Tier1 Operations Report 2009-11-11

RAL Tier1 Operations Report for 11th November 2009.

This is a review of issues since the last meeting on 4th November.

There is an ongoing issue with Batch Jobs ending up on 'wrong' node. On Thursday (5th November) the batch (PBS) server was restarted to try and fix the problem. The problem appears to be load related - it seems to occur only when the batch system is fully loaded. The PBS Server restart itself was problematic. Some weeks ago a 64-bit version of the server had been prepared for use. However, it turned out that the server had not been restarted to pick up the 64-bit version. We were still running using the 32-bit version. In order to restart the server it was necessary to gather the appropriate files together for the 32-bit version. (The transition between 32 and 64 bit versions of the server is not straightforward as the format of the files containing the state information changes between the two cases).

The main ongoing issue is the investigations into the cause of the problems with the databases behind the Castor service. Work continues around improving the resilience and recovery options for the current temporary arrangement. In parallel work has been going on to identify the fault, but this has still not concluded. Two of the (problematic) disk arrays are being set-up in the 'LPD' room in R89 and certification tests run on them. This is with a view to getting services back onto these systems if/when confidence is regained. A spare disk array has been set-up, and is being checked out, to act as a spare in case we suffer a failure of one the arrays temporarily hosting the databases.

There have been problems with the tape system during this last week. Tim worked with the hardware engineer to resolve this. It was caused by garbage being written to the end of some tapes. This led to problems when trying to use those tapes. The solution was to mark the particular tapes (around 150 of them) as read-only. The fault has now been traced to one tape drive. The data on the tapes has been checked that it can still be read, there is no data loss that we are aware of. The problem appeared as a migration to tape problem within Castor.

On Tuesday 10th November there was a problem with migration to tape for CMS that was fixed by a restart of the Castor 'mighunter' process on that instance.

Last Wednesday (4th Nov. - ongoing at the time of last week's meeting) there were problems with inbound transfers from Tier2s. This was traced to a networking problem. A configuration change on the 'UK Light' router made on Tuesday morning (the day before) had an unexpected side effect. The change was backed out during Wednesday afternoon and transfers from Tier2s resumed.

Disk server gdss403, part of Atlas MCDISK space token, had faulty memory and was out of production for some days.

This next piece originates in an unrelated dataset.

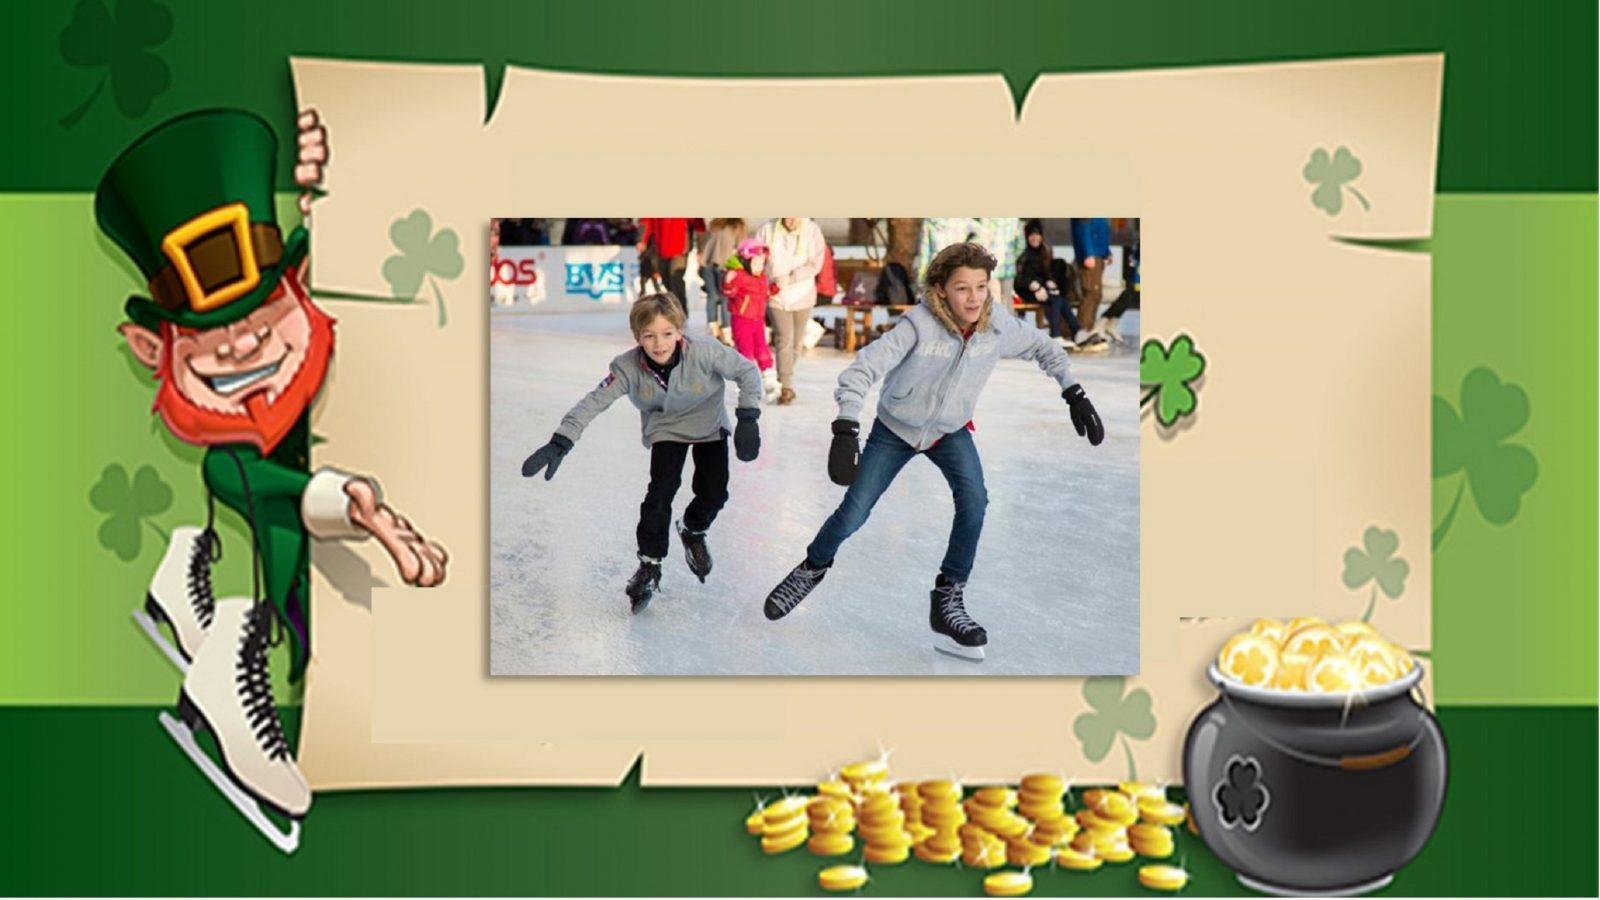 Skate with Ice Zoo Leprechaun

There was concern that this may have caused corruption of files on this server. Checksums were calculated and checked against information held by Atlas. This showed a small number of corrupt files. Following these checks the server was returned to production.

In the early hours of Tuesday 10th November there was failure of the Castor Information Provider (CIP). The virtual node this was running on stopped working. The service went down shortly after midnight. Following the restart and we were again passing SAM tests at around 4am.

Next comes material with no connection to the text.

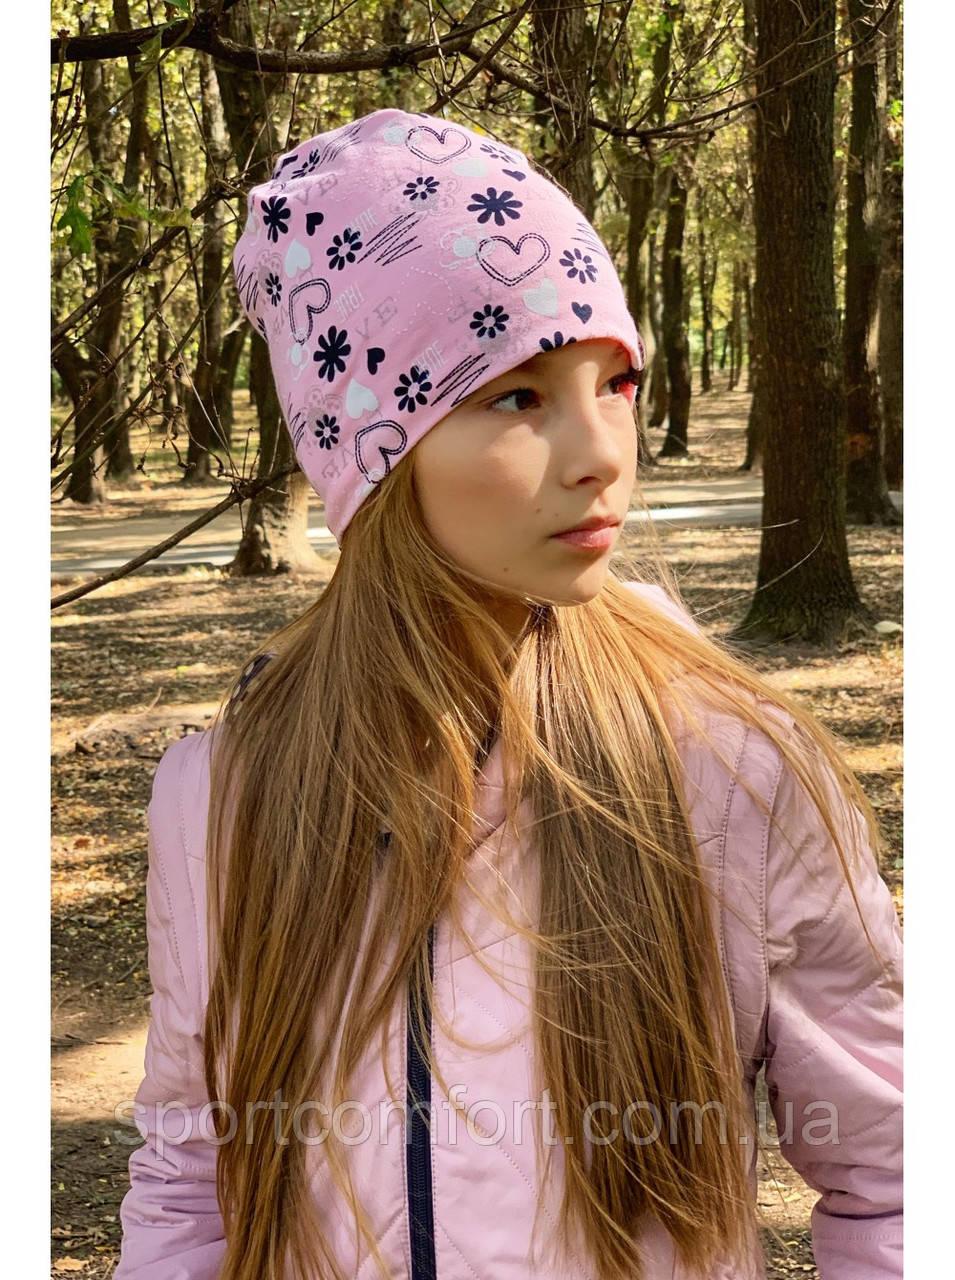 Шапка на девочку freever розовая

Scheduled 'At Risk' periods were announced for quarterly Oracle patches to be applied to the Castor and 3D databases. During the updates for the Castor service (on Tuesday 10th November) some problems were encountered reconnecting to the databases and there was a short service outage.

Service	Scheduled?	Outage/At Risk	Start	End	Duration	Reason
All CEs	SCHEDULED	AT_RISK	11/11/2009 09:30	11/11/2009 12:00	2 hours and 30 minutes	At Risk during application of OS kernel updates.
lhcb-lfc, lugh, ogma	SCHEDULED	AT_RISK	11/11/2009 09:00	11/11/2009 13:00	4 hours	At Risk during application of quarterly Oracle patches.
All Castor	SCHEDULED	AT_RISK	10/11/2009 13:00	10/11/2009 17:00	4 hours	Extension to At Risk for application of quarterly Oracle patches in order to reboot nodes to update OS kernel.
lfc, lfc-atlas, fts, ftm	SCHEDULED	AT_RISK	10/11/2009 09:00	10/11/2009 12:00	3 hours	Investigation into a problem on the Storage Area Network used to connect to the disk array hosting the LFC and FTS databases.
All Castor	SCHEDULED	AT_RISK	10/11/2009 09:00	10/11/2009 13:00	4 hours	At Risk during application of quarterly Oracle patches.
All Castor & FTS	UNSCHEDULED	AT_RISK	04/11/2009 13:29	04/11/2009 16:13	2 hours and 44 minutes	We are investigating a problem with inbound transfers from Tier2s at the moment. Outbound traffic, along with inbound traffic from T0 and T1s (except NDGF) is working OK.